Потом я тебя провожал.
Ненавижу поездки, но иногда приходится. Столица, пригороды вонючие, хлам и мусор без края, ничья земля… дым, гул постоянный, бешеные глаза, не говорят, а лают, ничего не спросить… Я моментально устаю, падаю духом, Малов, я ненужная частица природы, не понимаю, зачем здесь оказался, и есть ли вообще дела, за которые стоит так колготиться, а?.. За то, что здесь все время что-то продают, раздают, всучивают, и, как ты говоришь, «есть шансы»? Не знаю, но хорошо, что мимо, мимо городской свалки этой, к самолетам, на севере…
Приехали рано, но лучше, ты говоришь, чем поздно, у нас никогда время не рассчитать.
Знаешь, жаль, самолеты крыльями не машут.

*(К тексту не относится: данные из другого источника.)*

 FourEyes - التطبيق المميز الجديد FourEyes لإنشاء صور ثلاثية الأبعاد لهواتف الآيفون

Наконец, пробубнили сверху — «Лондон», ты меня обнял, глаза мокрые, ничего сказать не можешь, да и что говорить… И я молчу, махнул рукой, проводил глазами до кишки, в которую тебя впихнули, и обратно. Дорогу помнил, я ведь зверь, куда ни завези, а найду. Если не испугаюсь, а я пришиблен был, тупой, и немного поблуждал, но ничего особенного. Вернулся, у нас тихо, светло, рай, так и дальше должно быть, думаю, мы быстро доберемся до зимы, ты вернешься, и все пойдет как было.

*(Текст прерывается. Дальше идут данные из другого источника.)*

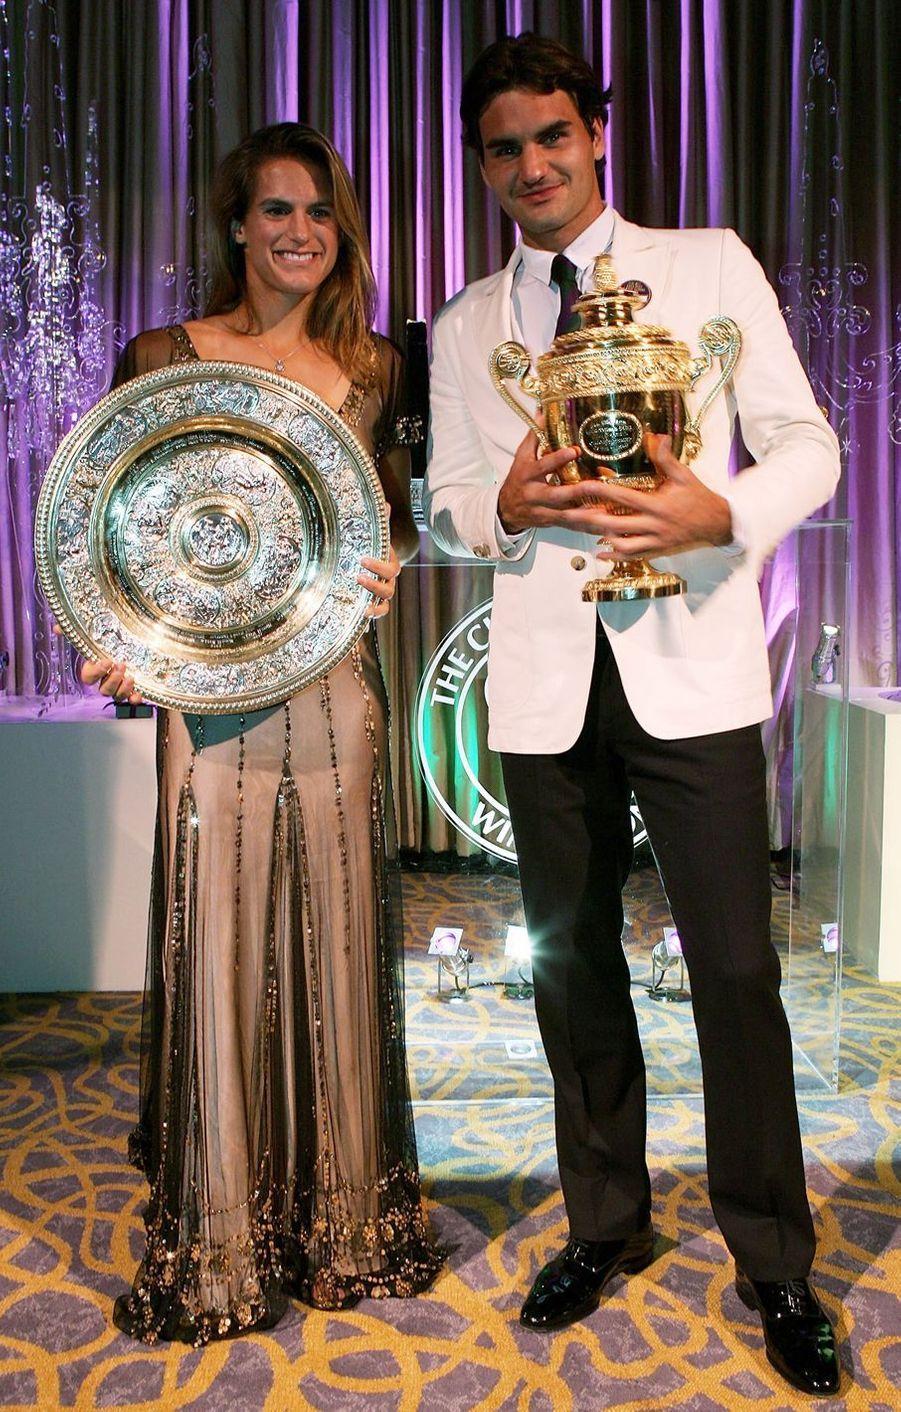 Roger Federer et Amélie Mauresmo à Londres, le 9 juillet 2006

Но не получилось, не получается, только ты исчез, как все пошло наперекосяк, новые и новые события, только успевай поворачиваться, отбиваться… Я понял теперь, как трудно самому жить, все решать и не бояться. Это главное, ты написал мне — «Саша, ничего не бойся, тогда до всего сам дойдешь…»
Писать не люблю, но ты просил, чтобы записал, день за днем, о Жасмине и вообще, всю жизнь без тебя. Я попробовал, сначала трудно, слов-то хватает, но писать о том, что знаешь и помнишь, скучно. Когда рисуешь, другое дело, никогда не знаешь, что дальше будет. Но ты просил, и я старался. Знаешь, со временем легче стало, я даже привык писать каждый вечер перед сном.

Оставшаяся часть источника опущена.